After searching for a number of years, I found my 1st instructor. I hadn't spoken to him in 22 years until 2 weeks ago. He taught TKD until about 10 years ago & now teaches golf in Hawaii. He was (like instructors many of us have had) a mentor for me.

I was struck by a few things he said to me. He was very pleased that I had continued to train after he moved away. He did not ask my belt rank, but only how many years I had trained. When I said 27 years, he was filled with pride and admiration. He said, "here I quit, but you are still training. THAT is indomitable spirit." (A TKD tenet) He did tell me that he does train, but no longer teaches. I'm humbled that my instructor would say such kind things about me.

I think it's odd that we Westerners are so obsessed with rank, while the Koreans (in this case) focus on how long a person has trained. 

I don't know what to do with this praise from him. (I guess I'm uncomfortable with it. I was far from his most talented student). I appreciate his words beyond what I can express.

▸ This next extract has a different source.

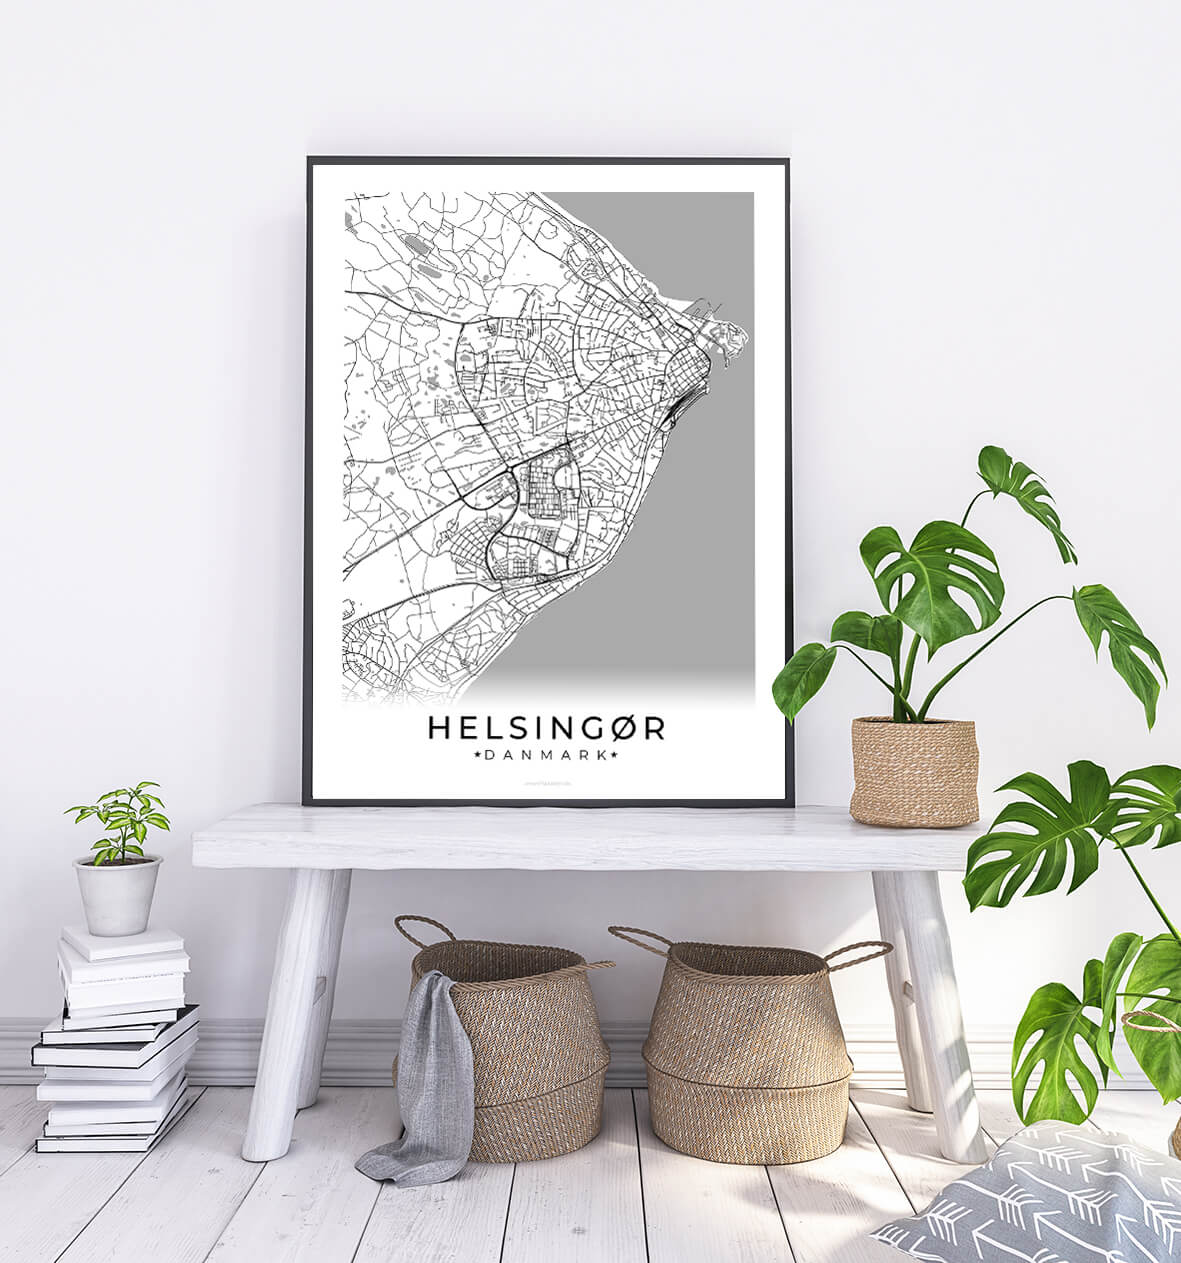 Helsingoer-hvid-byplakat-1
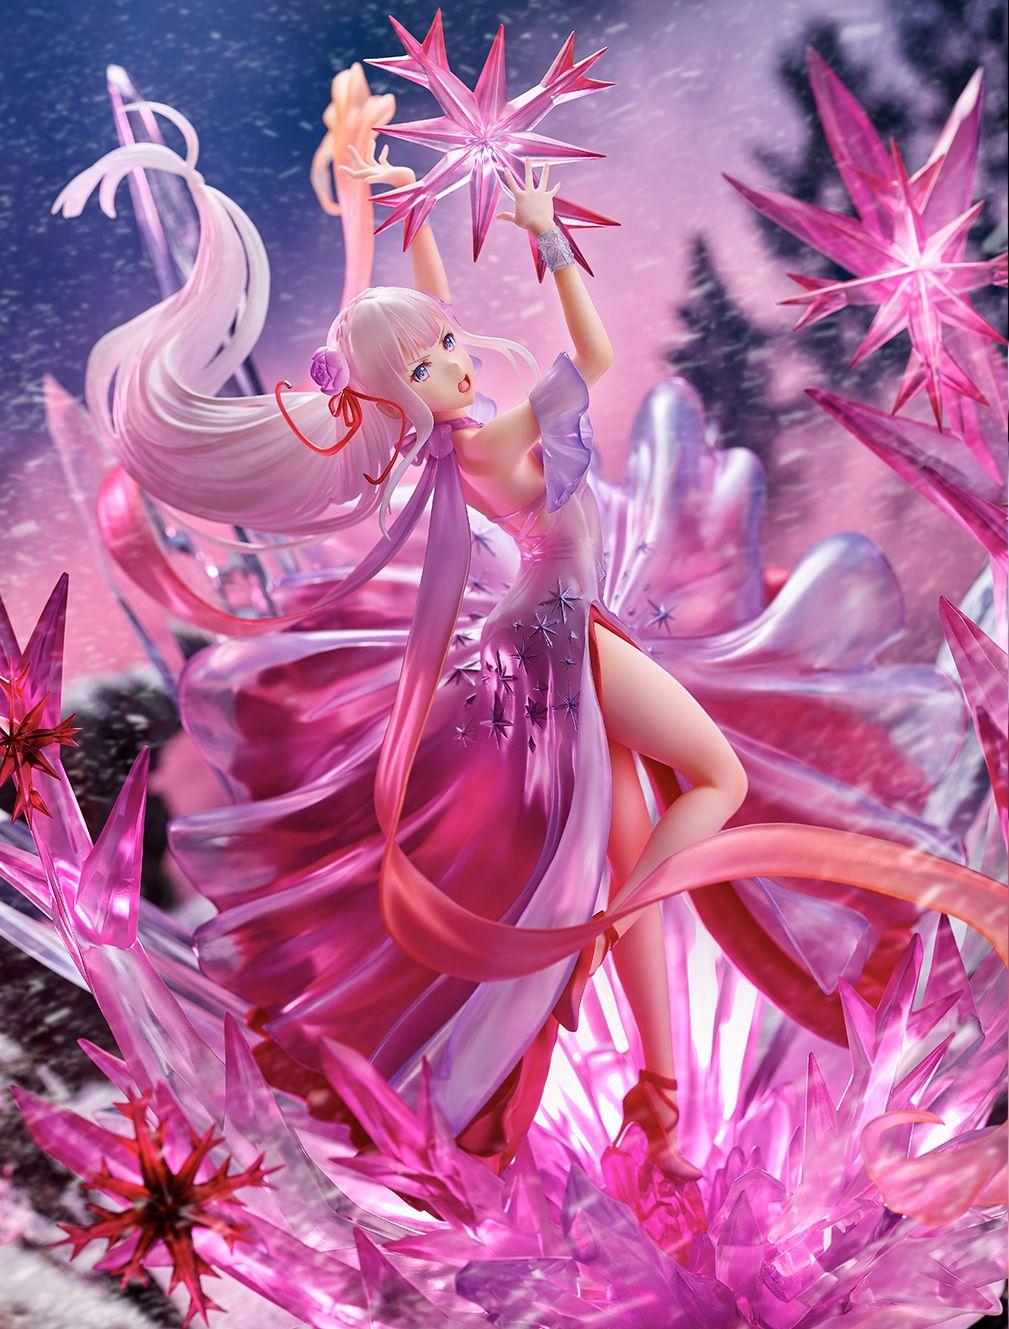 【限定販売】Re:ゼロから始める異世界生活『氷結のエミリア -Crystal Dress Ver-』 1/7 完成品フィギュア-006

It makes me think of the thread I started last year about students who quit without reason or explaination. I think the praise I received almost makes up for the students who choose to leave.

Thanks for listening.


----------



## LordOfWu (Apr 2, 2009)

That's a great story, you should be proud!  I also know a lot of guys who have given up, it's fantastic that you stayed with it for that long.


----------



## ATC (Jun 22, 2009)

Hi Iceman,

You PM'd me about this and my Sabunim's dad and your previous GM being old friends.

My GM (not my Sabunim) just told me that he plans to retire soon as well. But he has left a legacy of students to carry on his teaching. You are his legacy and he is proud of that. You should be proud as well. He has taught you well.


----------